Historically, most enterprises have taken many years to create a relatively consolidated user identity repository (a vast majority of enterprises I’ve worked with use Microsoft’s Active Directory). However, as we move up the food chain to enforcement and compliance tools, products typically don’t--or can’t--read the LDAP user and group information. This forces the enterprise to go back to a siloed approach of creating and interpreting policies.

Think about it. I have a client that has firewalls being run by its Network Group, secure messaging run by a specialized IT group, host intrusion and prevention system (HIPS) being run by Security, and enterprise Active Directory deployment run by its directory team. Each product has policies about users, groups, and resources but barely recognizes the existence of the others; and each claims to have done policy “right.” Are they consistent? Maybe. Are they genuinely doing their best? Of course. Is there a risk to the organization that something has been overlooked? Very probably.

So what has to be done?

I think the first thing that needs to be done is for enterprises to review their policies. In the field many enterprise security managers (confidentially) have expressed a concern that the brave new world of security enforcement has invalidated, or provided scenarios that were never considered, in their original enterprise security policies. Next, I think vendors have to recognize that while policy-based management is a great ideal, it can’t be done in a vacuum. Managing policy enforcement for your set of tools that addresses only a part of an enterprise’s security front, without considering how you can share this with other sets of vendors’ tools working on other fronts, increases the chance of a hole in the defenses. Finally, I know you hear Burton Group say this all the time, but we need a standard to represent “policies” within a set of tools and a central repository--probably “virtual” if you ask the IdM people--that can store these values for the consumption and update of the tools. If a vendor can create a policy-based management interface that works across its suite of products (and some have), why can’t this framework be standardized for a similar group of tools, or even across all security enforcement technologies?

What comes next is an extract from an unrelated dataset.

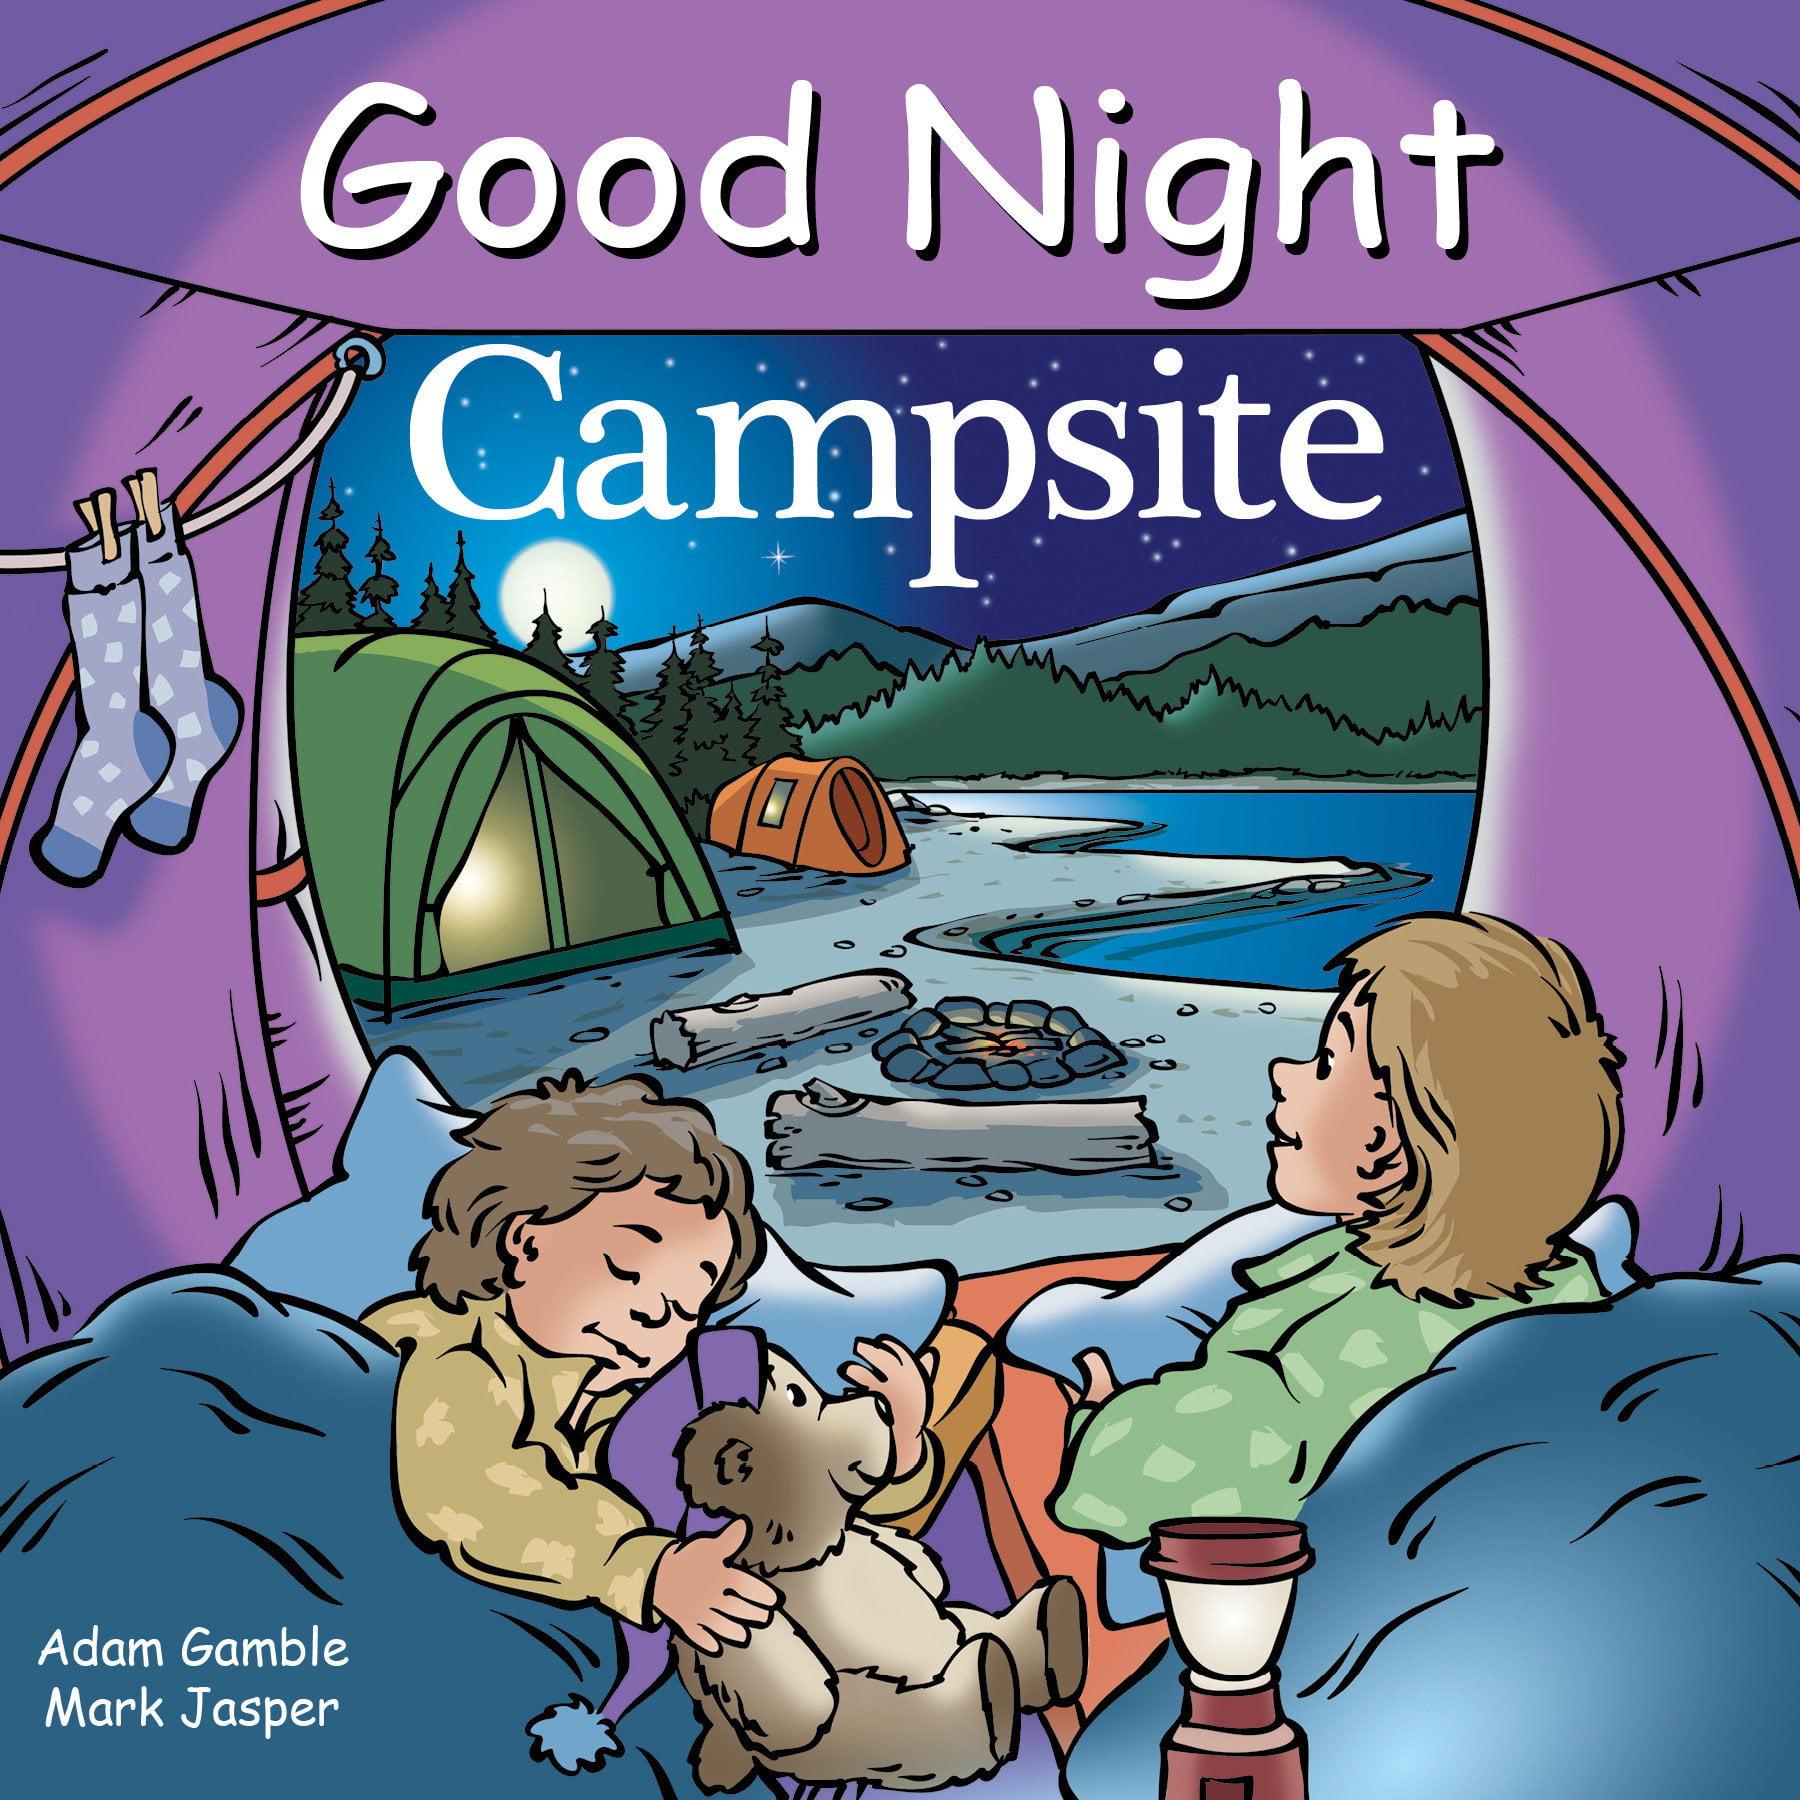 Good Night Campsite (Board Book) - Walmart.com - Walmart.com

In the end, it will be the market that will determine whether policy-based management will be something that is a tool requirement or an enterprise requirement. If security managers aren’t educated on the “risk” in their current enforcement technologies; if vendors don’t hear from their clients that they’re tired of interpreting their new, and updated, policies for each of their policy-based enforcement technologies; and if standards can’t be created to make this all “consistent” within an enterprise, then efforts to go out and purchase expensive tools to manage their risk may be in vain.